To do: In the records below, find the line with "prek registration", then copy each line exactly until you have copied the line with "Arsenal owner Stan". Leave any picture out.

Material for this exercise:
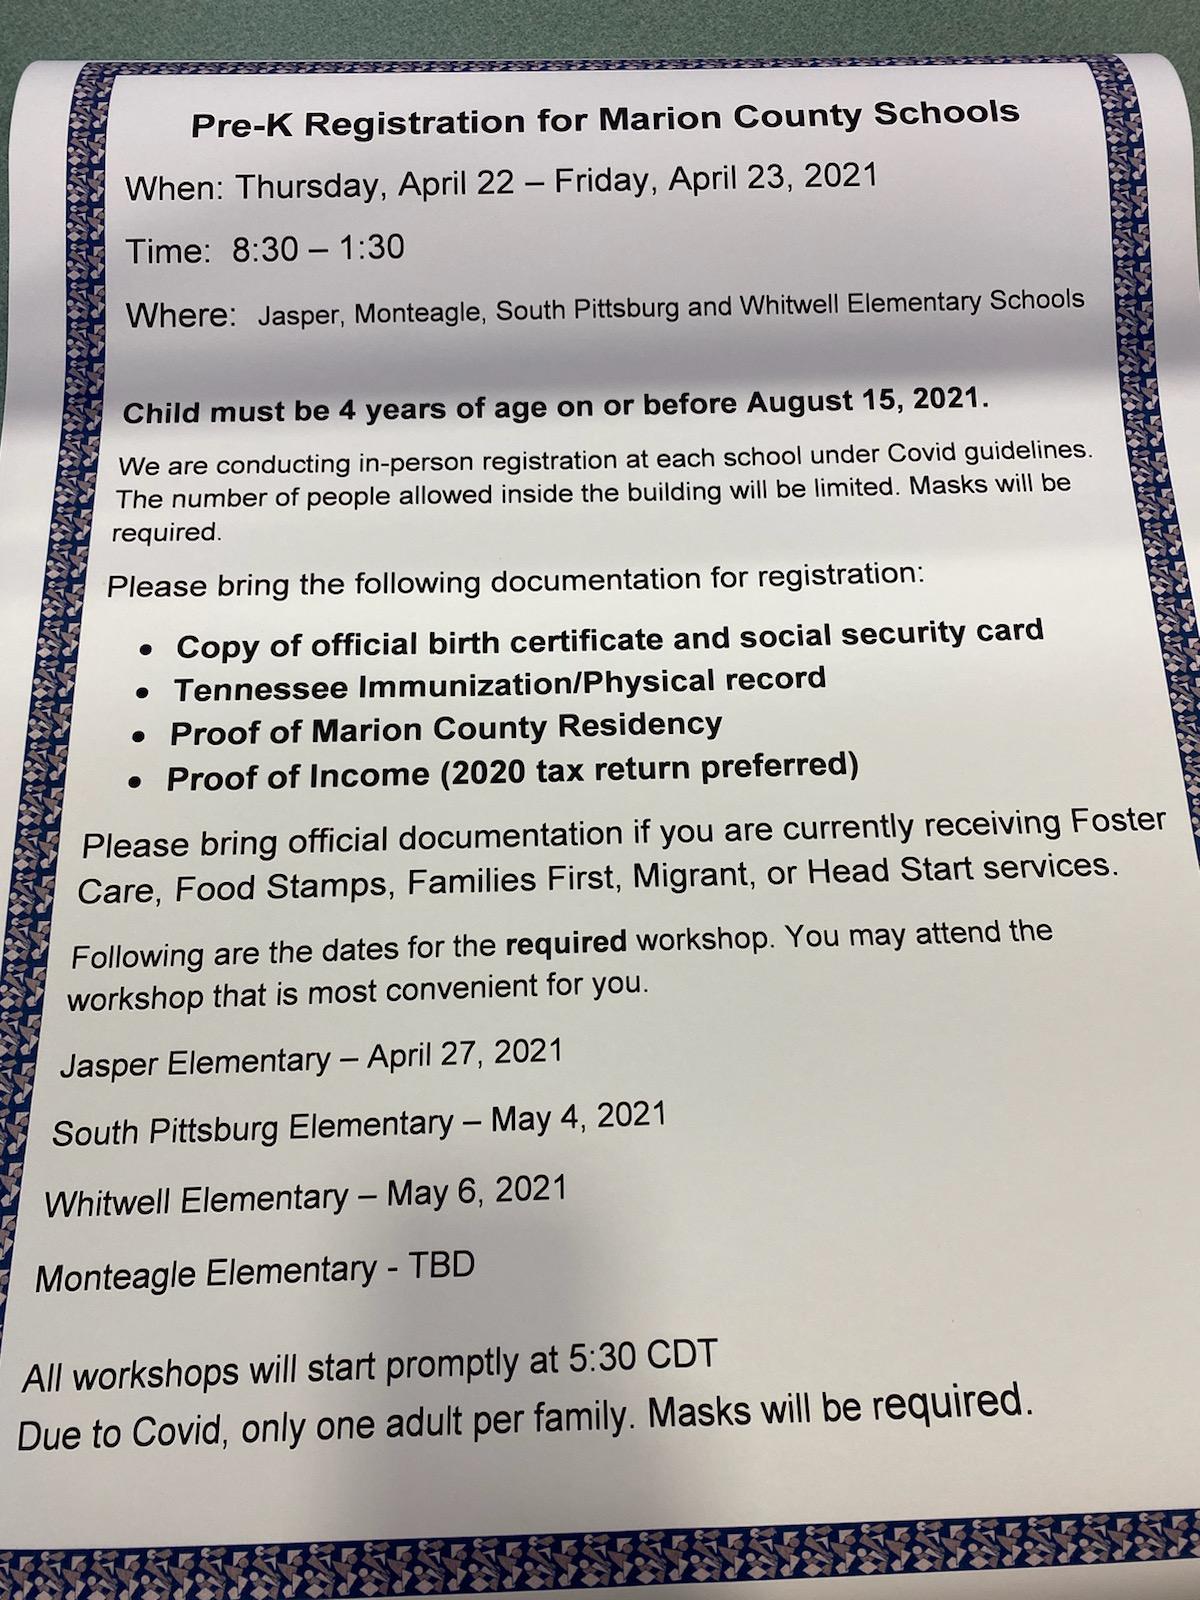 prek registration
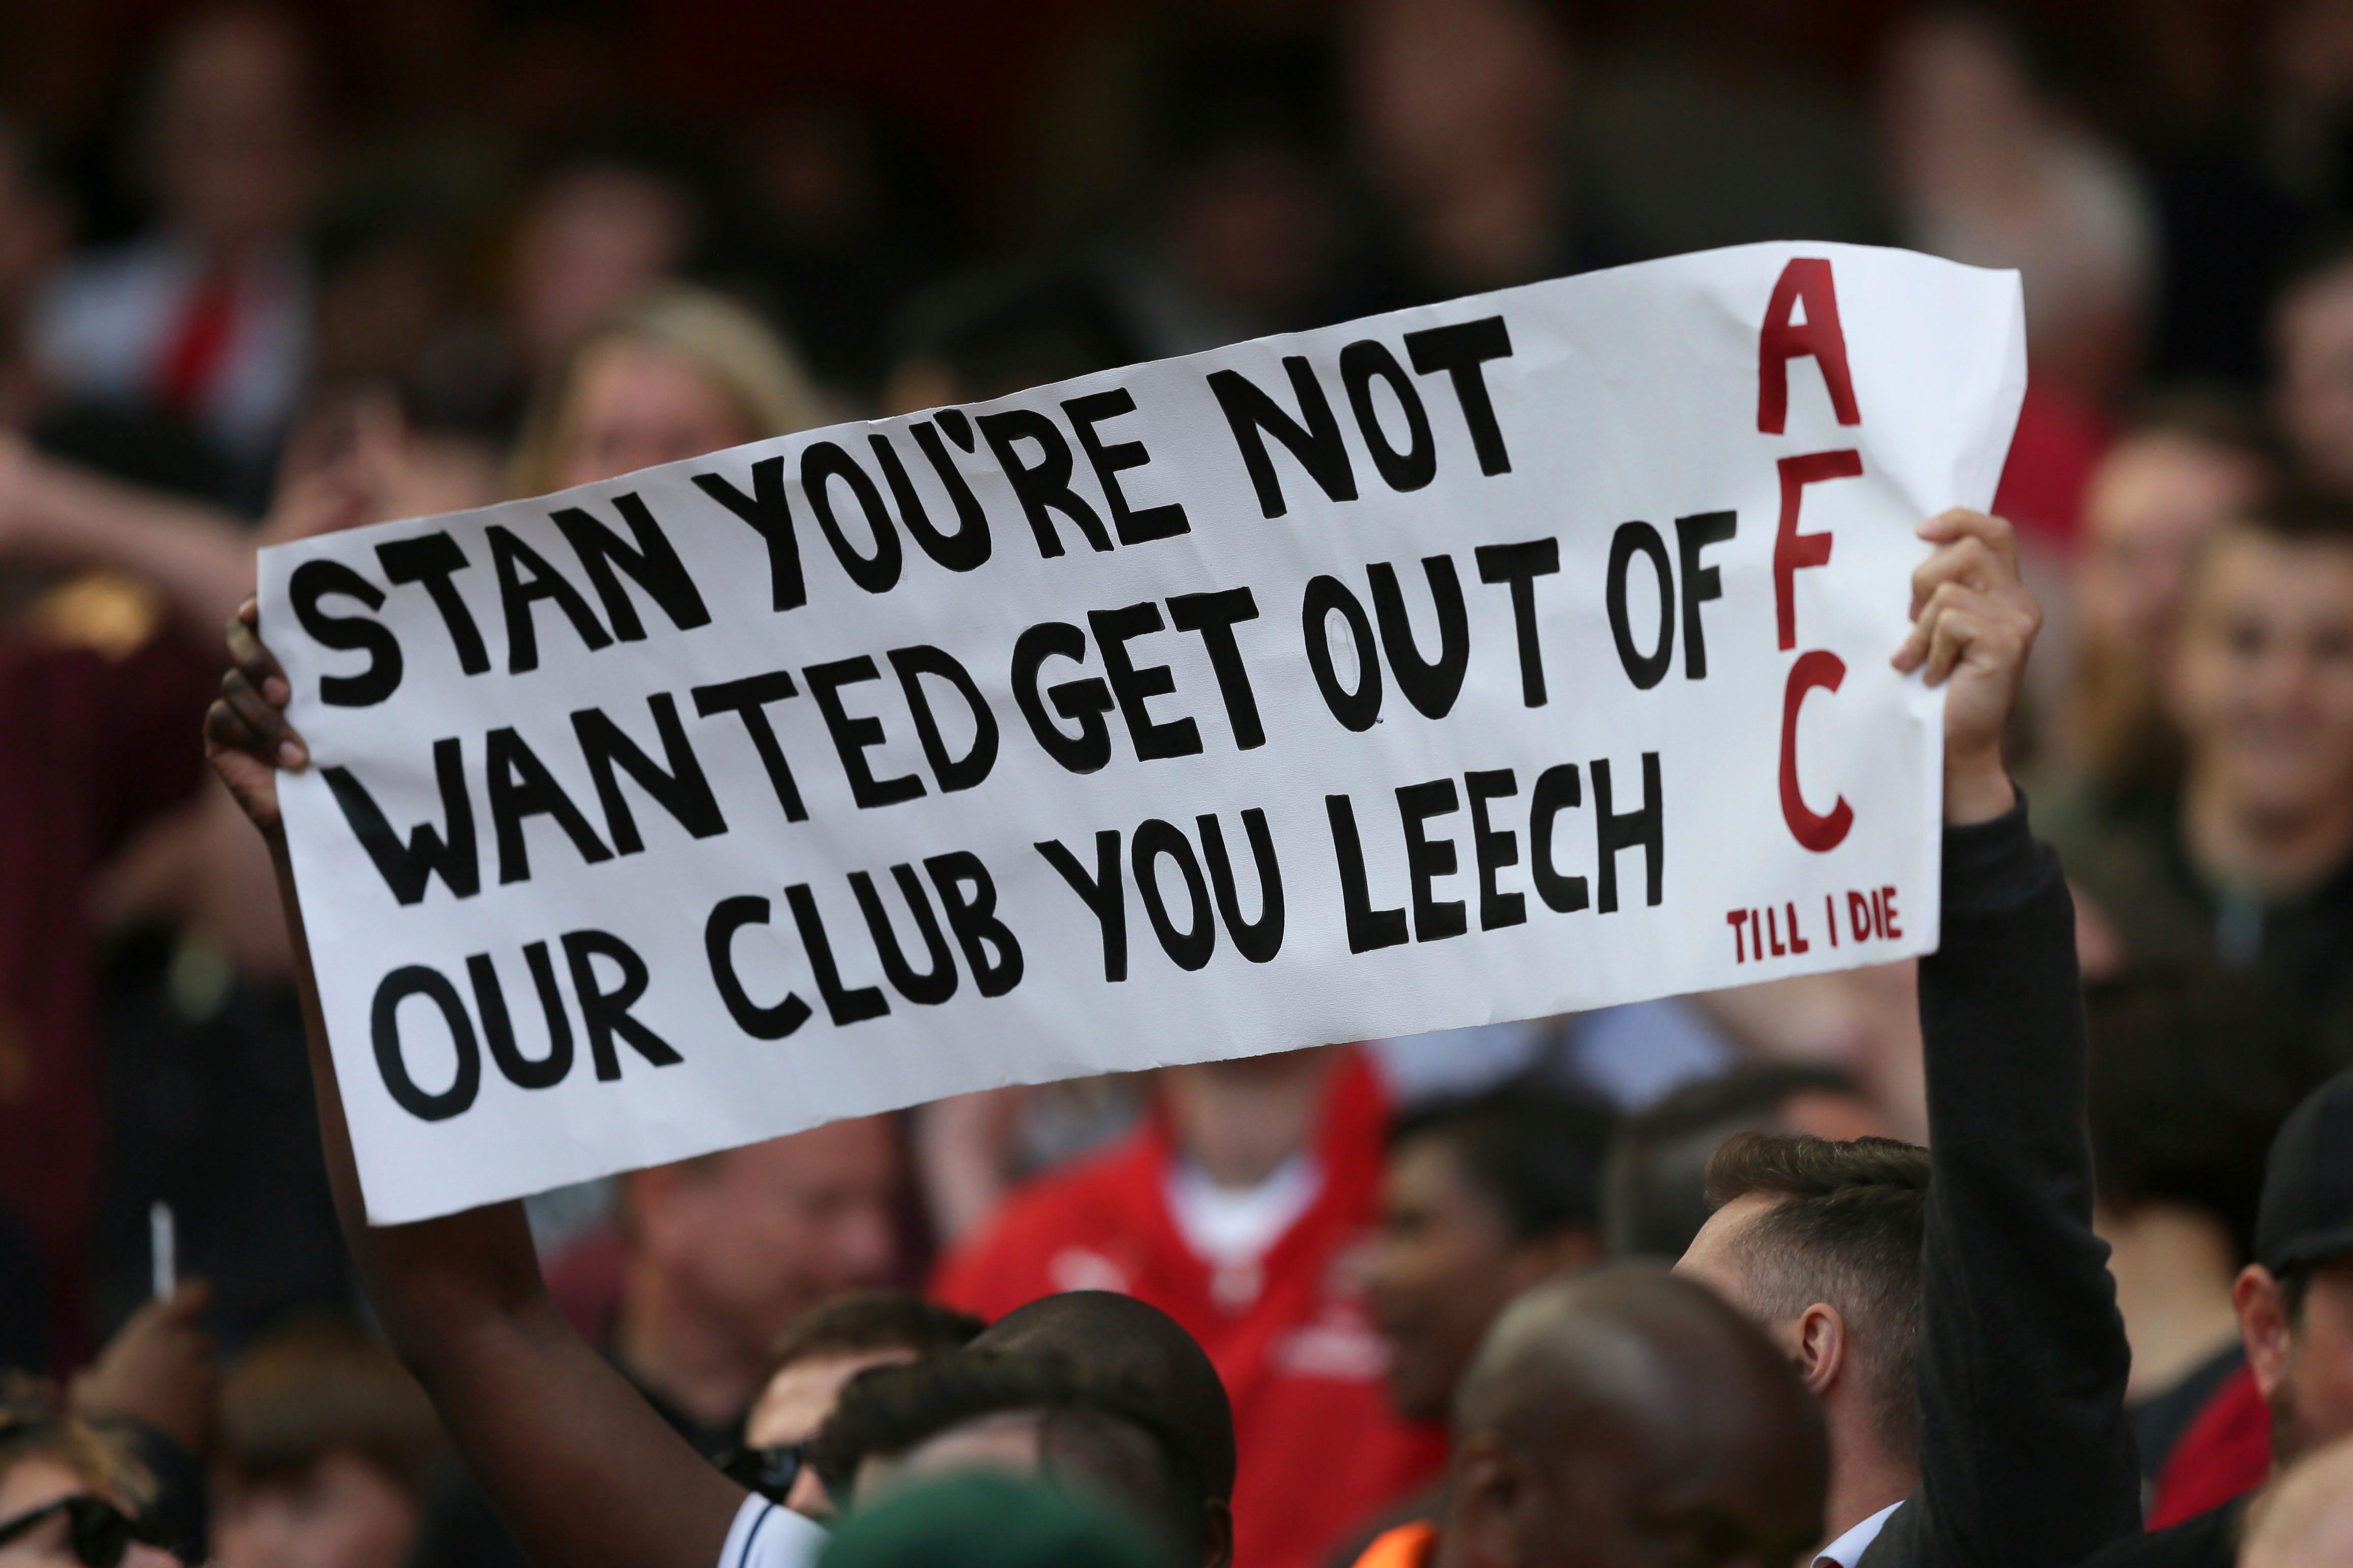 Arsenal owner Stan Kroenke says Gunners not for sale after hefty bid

...

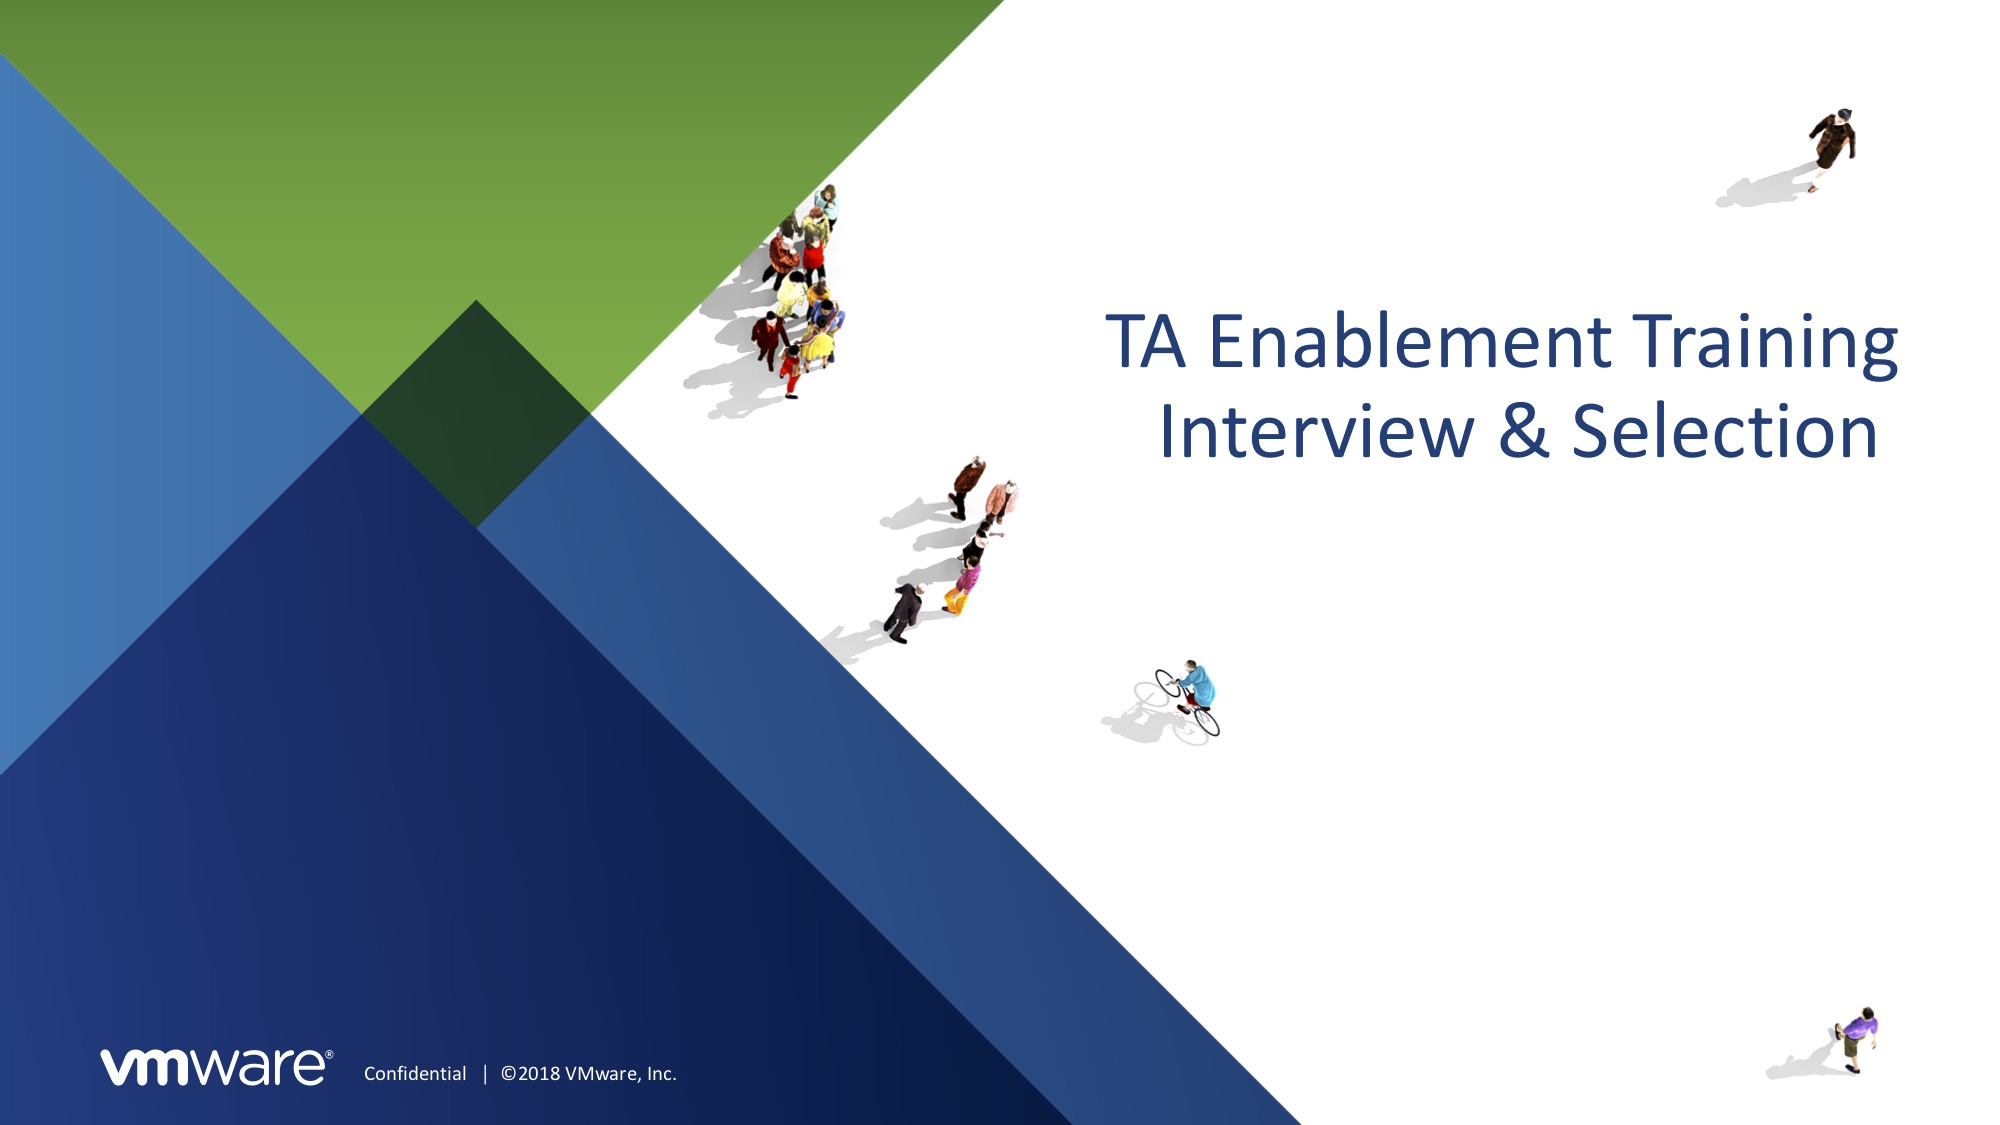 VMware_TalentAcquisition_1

--

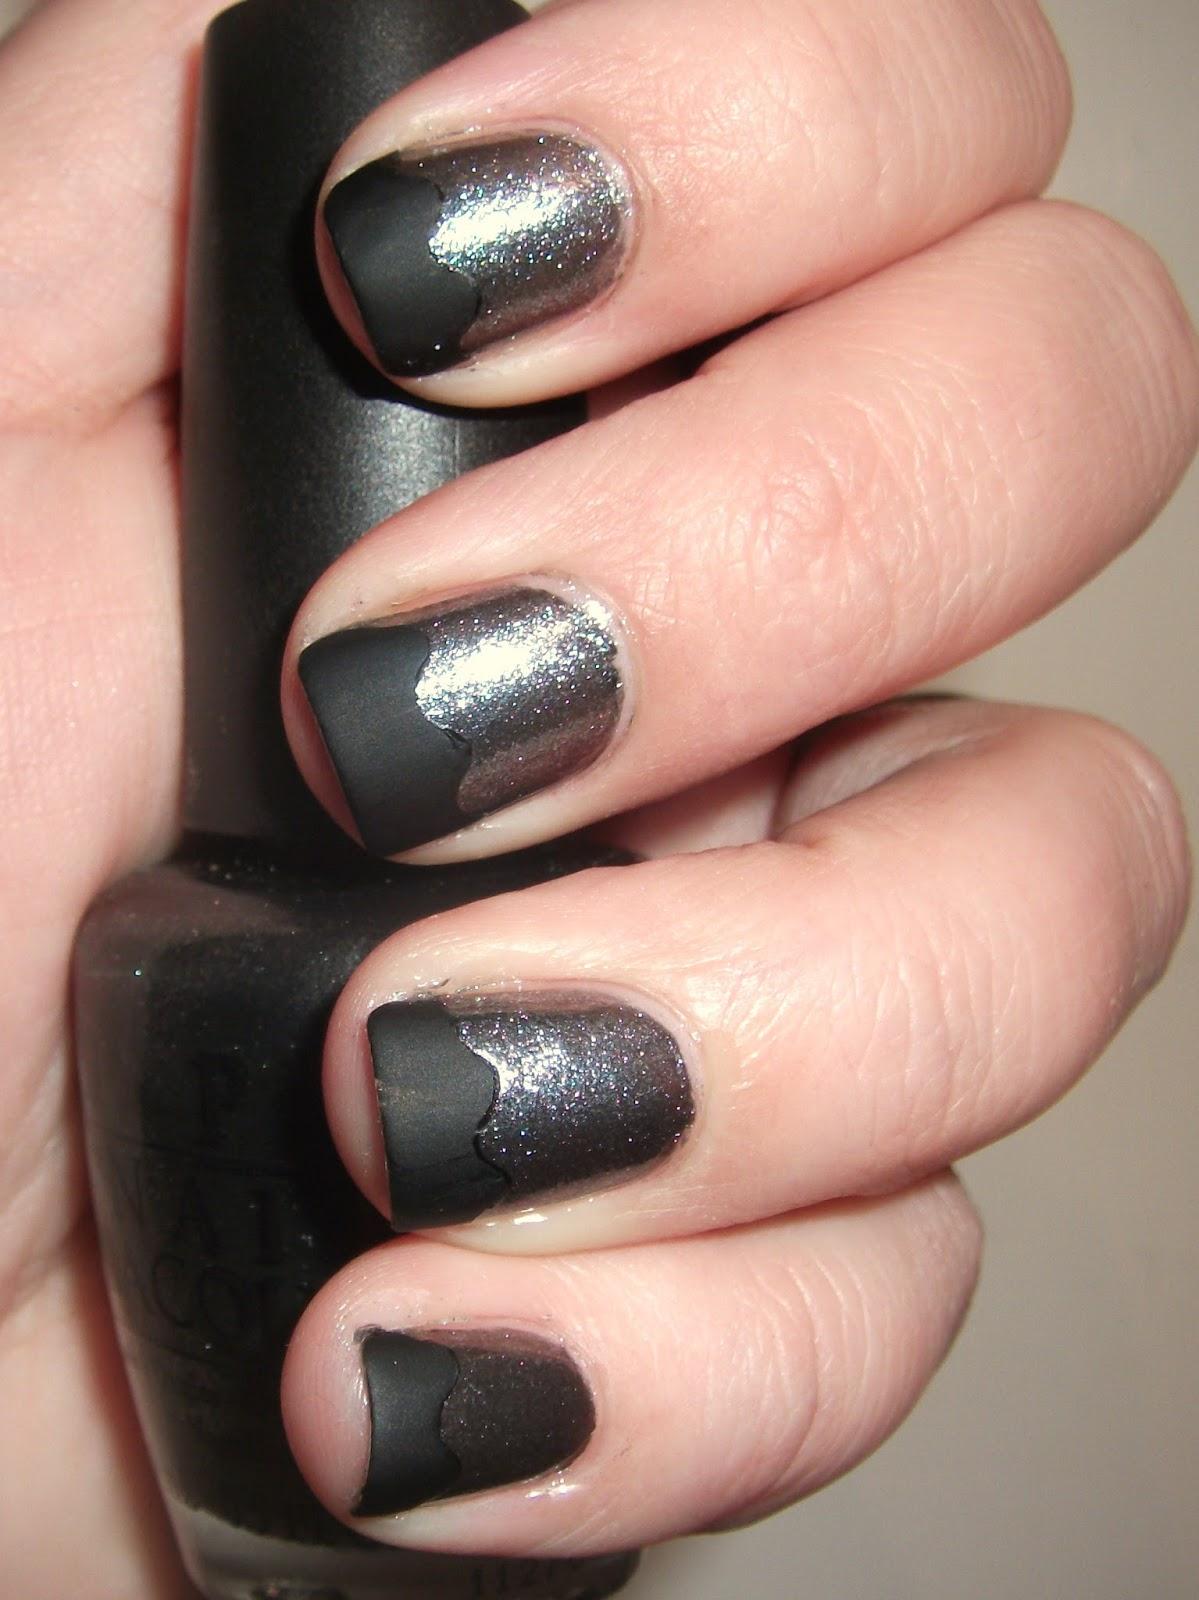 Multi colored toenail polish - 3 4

Solution below:
 prek registration
 Arsenal owner Stan Kroenke says Gunners not for sale after hefty bid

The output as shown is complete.